Edit file: create_serialized_file.py
Change the SetupParser.default_block to NUCLUSTER
python create_serialized_file.py
DTK-Tools will automatically submit and wait for your jobs to complete and your script will resume after their successful completion. You will receive a completion email from slurm reporting the status of your jobs (successful, failed, some of both). If any fail, you will want to check the slurm*.err files in your experiment directory and try again. Nothing needs to be done on success; DTK-Tools via the slurm sacct command will automatically detect the successes and continue (there can be a delay in detection).
This particular script contains no follow-on analysis or processes, so it is done when the cluster jobs are finished.
As for interpreting the slurm emails, the following part of the email title indicates success (cryptic as it is). Anything else denotes at least one failed job.

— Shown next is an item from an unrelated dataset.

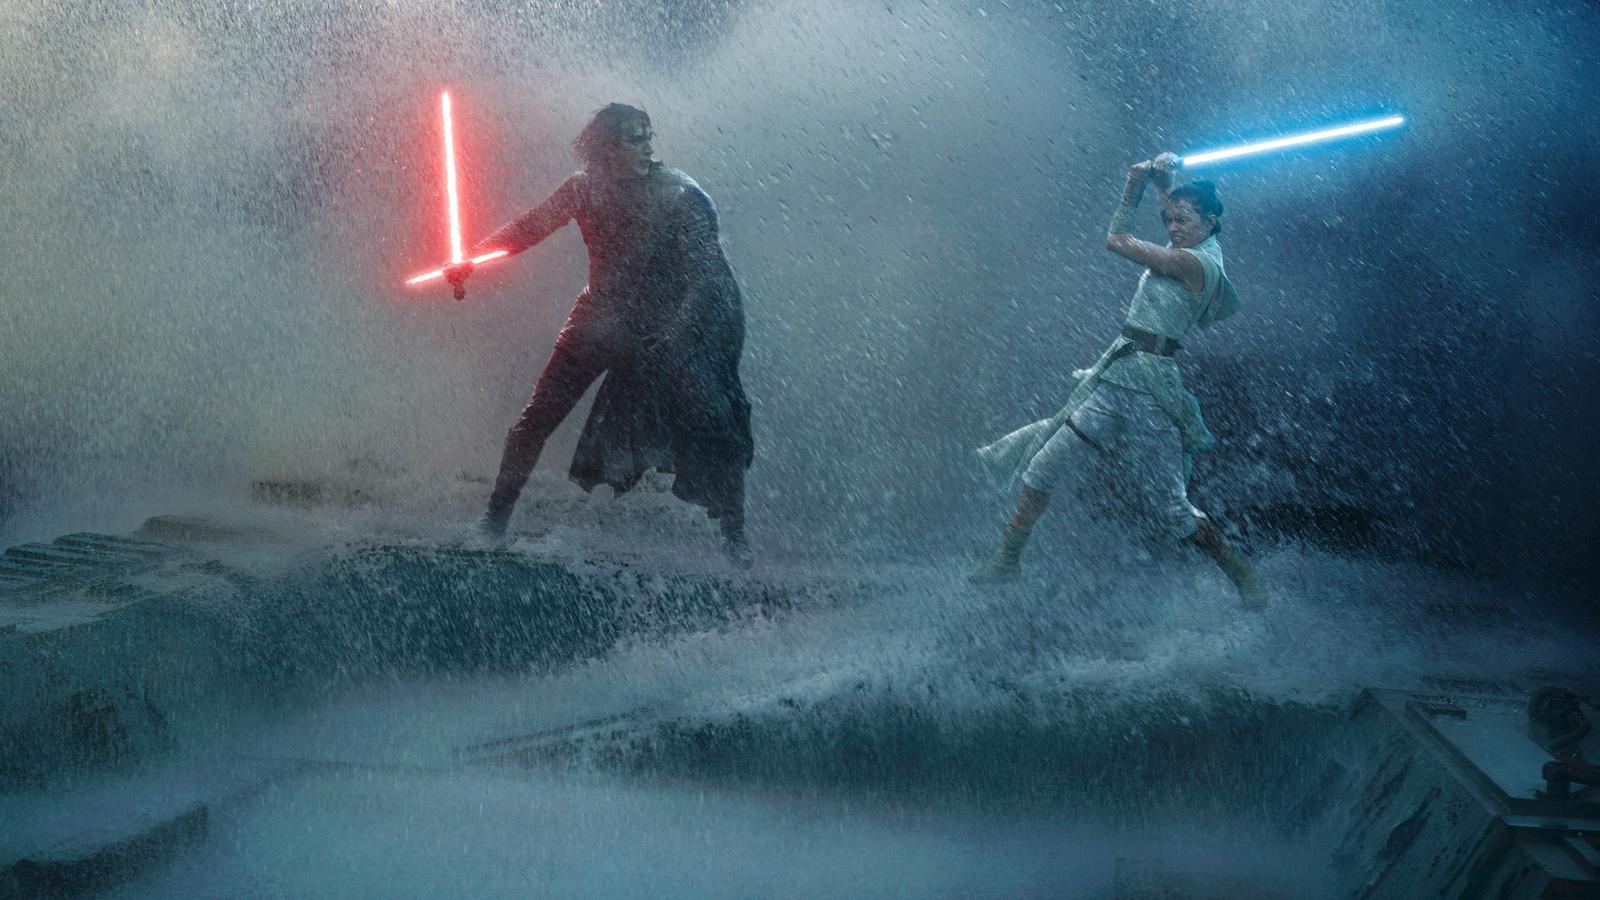 rey-vs-kylo-ren-star-wars-the-rise-of-skywalker-05.jpg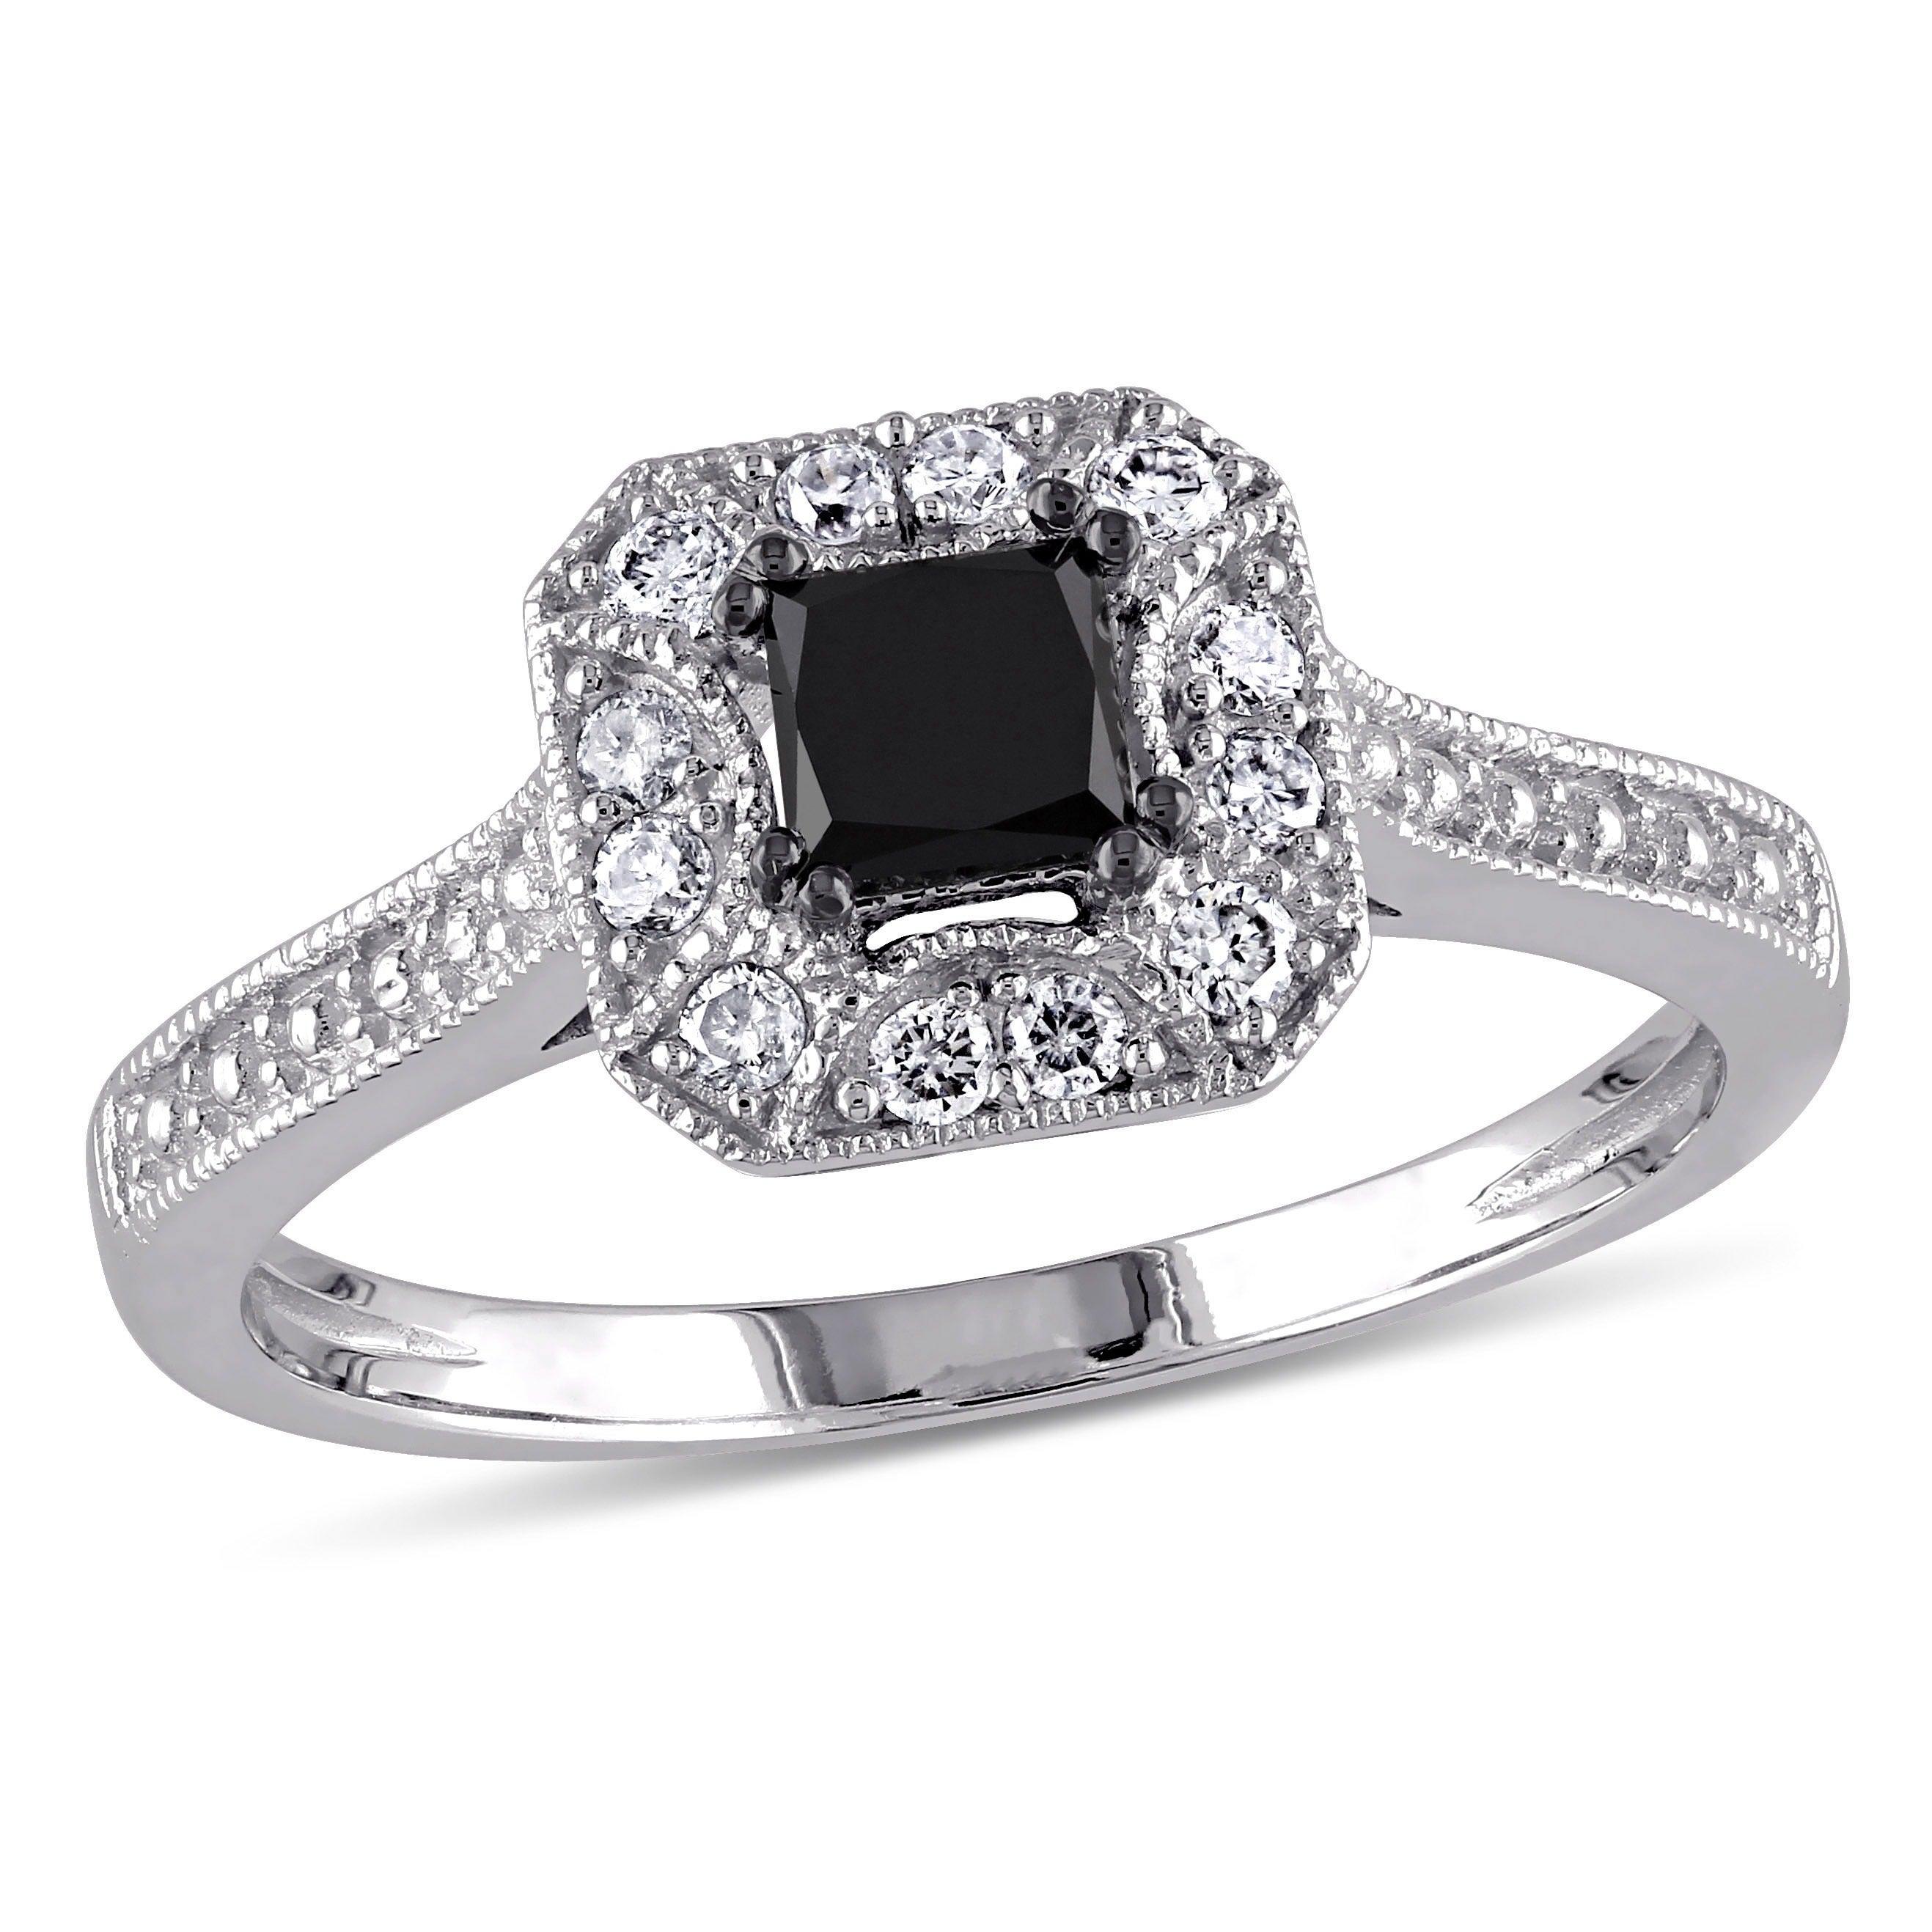 Shop Miadora 10k White Gold 3 5ct Tdw Black And White Princess Cut Diamond Square Halo Engagement Ring Overstock 5788219

Ended, COMPLETED, ExitCode [0-0]
Next is to run run_with_interventions.py
:
Edit file: run_with_interventions.py
Change the environment variable to ‘NUCLUSTER’
Change the burnin_id variable to be the experiment id previously generated by python create_serialized_file.py. This will be everything after the triple underscore (___) in the directory name of the experiment. E.g. 2019_12_09_16_14_47_378749 in the prior screenshot.
python run_with_interventions.py
Again, nothing else needs to be done other than wait for completion.
If you wish to look at the result files, you can find them in the experiment results directory, which was specified in our simtools.ini
file.
Simulation output files are located in <experiment_dir>/<simulation_dir>/output/
. The files used as inputs for running the simulations are in Assets/
, and all simulation output files for stdout and stderr are redirected to files in the experiment directory.
You can use these files to help debug any failures.